# Retaining Scent in CP Soaps



## Cosmoman (Jun 29, 2013)

Is there any additive to help retain scents in CP Soaps?

Having trouble with citrus and especially coconut.


----------



## heartsong (Jun 29, 2013)

my first consideration would be the vendor & the amount of f/o used...citrus usually sticks nicel @ 1 oz ppo.  e/o's do not stick as well...my absoloute fave is www.soapsupplies.net  mandarin II...no A or D and sticks like glue even a year later...sweetcakes has the finest lime available, used at 3/4 oz ppo, "juicy lime."


----------



## lsg (Jun 29, 2013)

Adding litsea cubeba essential oil to citrus essential oils helps to anchor the scent.  I also use cosmetic grade clay to anchor scent.


----------



## Cosmoman (Jun 29, 2013)

*Retaining scent in soaps*



lsg said:


> Adding litsea cubeba essential oil to citrus essential oils helps to anchor the scent.  I also use cosmetic grade clay to anchor scent.




That sounds great !  Would Kaolin work ?   What % do you estimate ?


----------



## nebetmiw (Jun 29, 2013)

Cosmoman said:


> Is there any additive to help retain scents in CP Soaps?
> 
> Having trouble with citrus and especially coconut.

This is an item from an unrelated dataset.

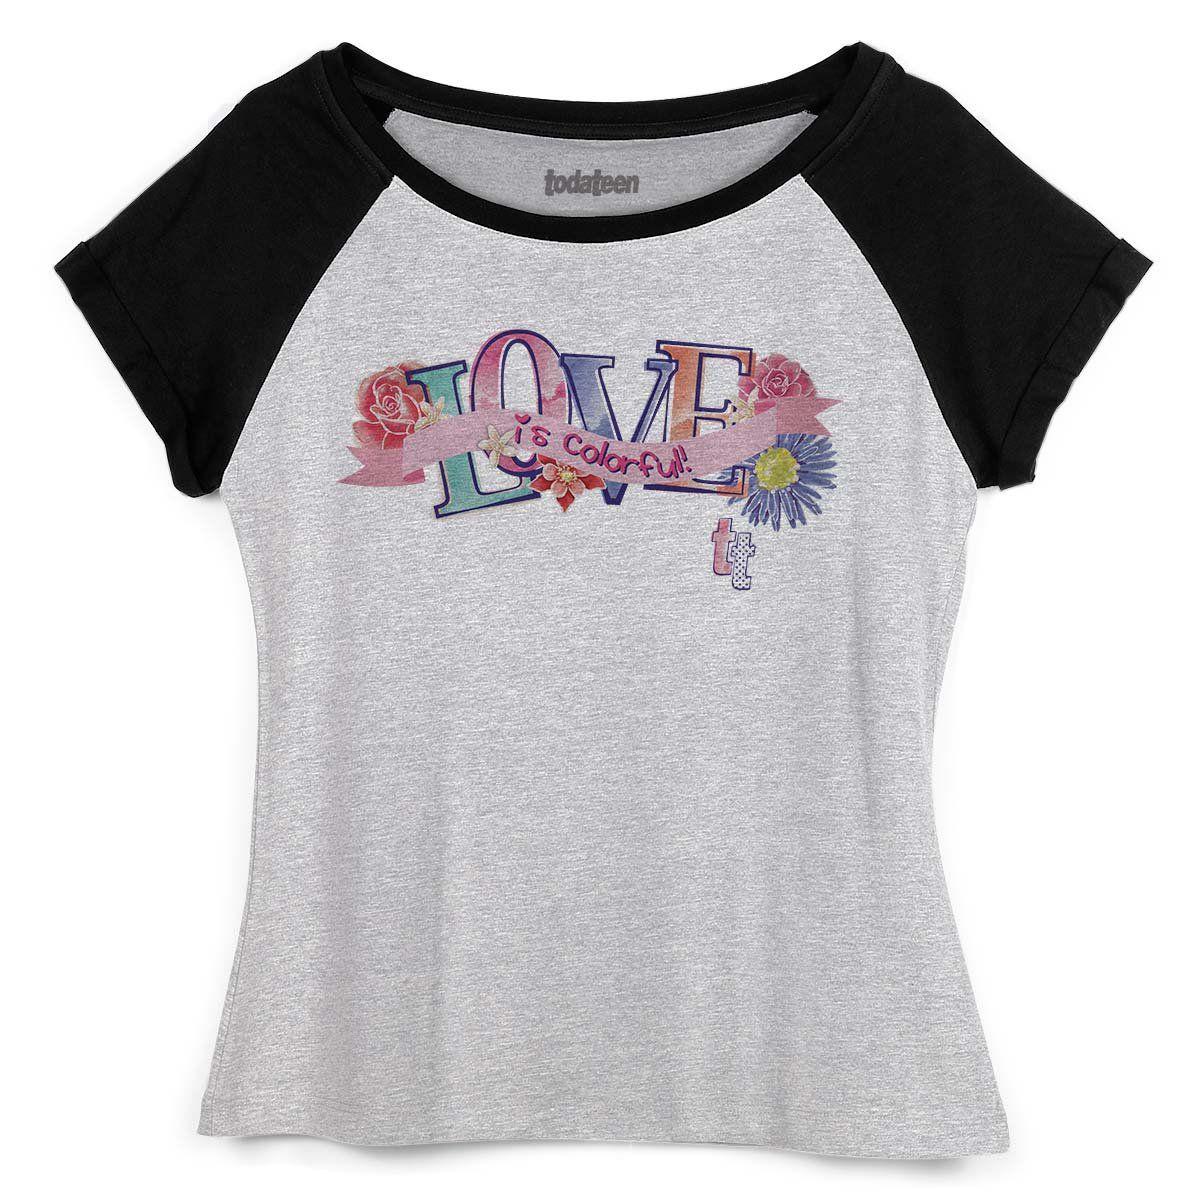 Camiseta Raglan Feminina TodaTeen Love is Colorful!  - bandUP Store Marketplace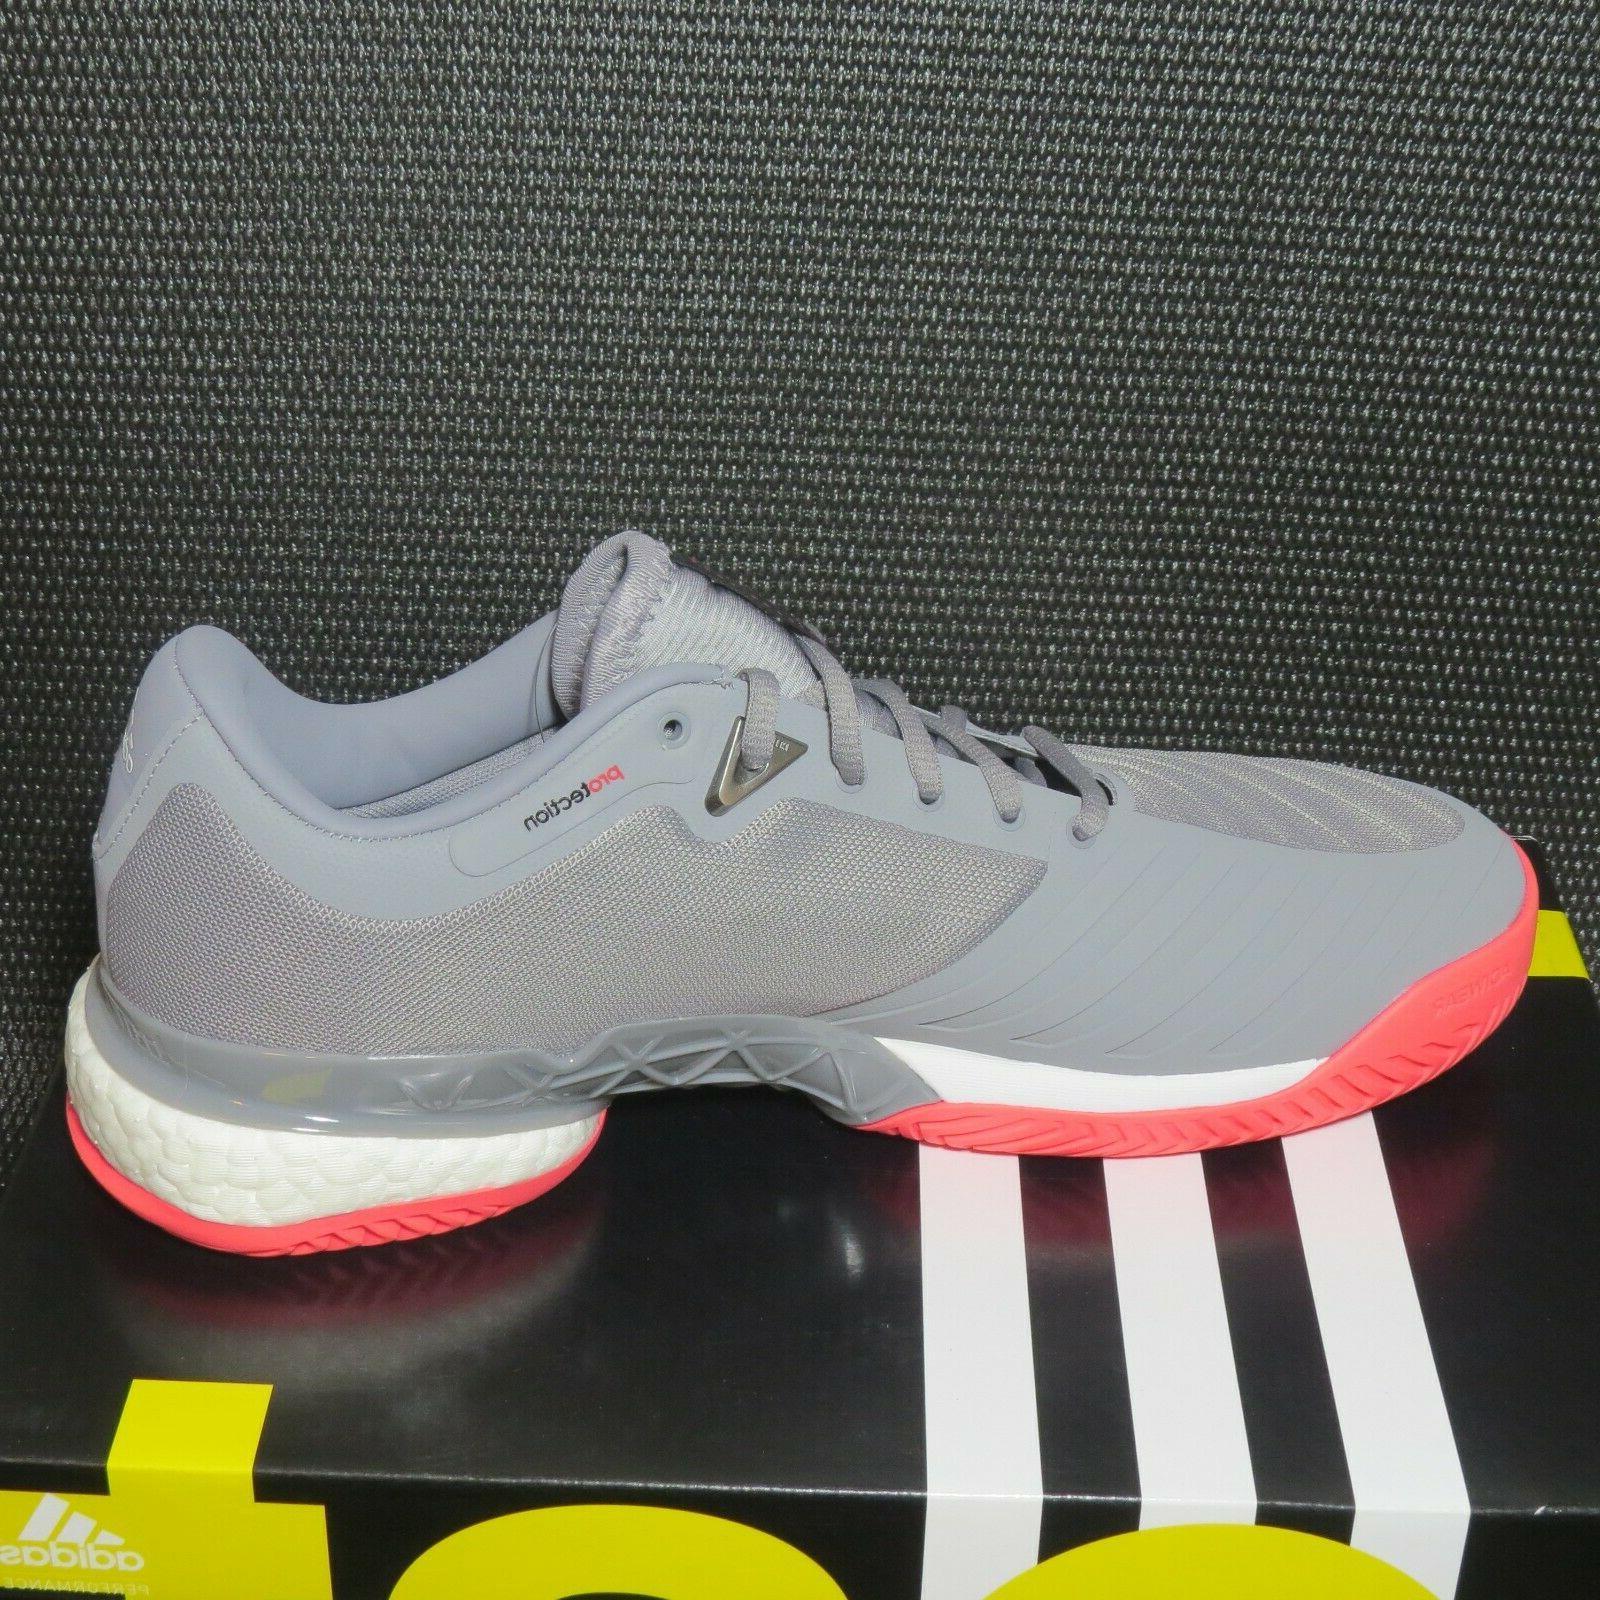 adidas AH2094 Tennis Shoes Grey/White/Pink NIB

These two types of scents are faders.  No one has master them yet to get them to stick.  Look up coconut here in the seach and you will find many thread of those talking about these scents.


----------



## lsg (Jun 29, 2013)

Cosmoman said:


> That sounds great ! Would Kaolin work ? What % do you estimate ?


 
I use about 1 tablespoon ppo. Kaolin will work.


----------



## Dr.J (Jul 3, 2013)

lsg said:


> Adding litsea cubeba essential oil to citrus essential oils helps to anchor the scent.  I also use cosmetic grade clay to anchor scent.


 
What ratio of citrus EO to litsea cubeba EO would you recommend for anchoring?


----------



## lsg (Jul 3, 2013)

It doesn't take much, I would say 3-4 parts citrus to 1 part litsea.


----------



## jenneelk (Jul 5, 2013)

Wish I liked Litsea.. it makes me nauseous and I prefer citrus to most scents. 
But I do agree that the vendor really makes a difference. I have around 135 scents right now and have bought probably 400+ trying to find which ones are best. Still likely don't have all the good ones but have def found some bad ones! LOL

I'm new to CP soaps so I feel like I'm back at the beginning finding which will work with it. I used to CP many years ago but things have changed.


----------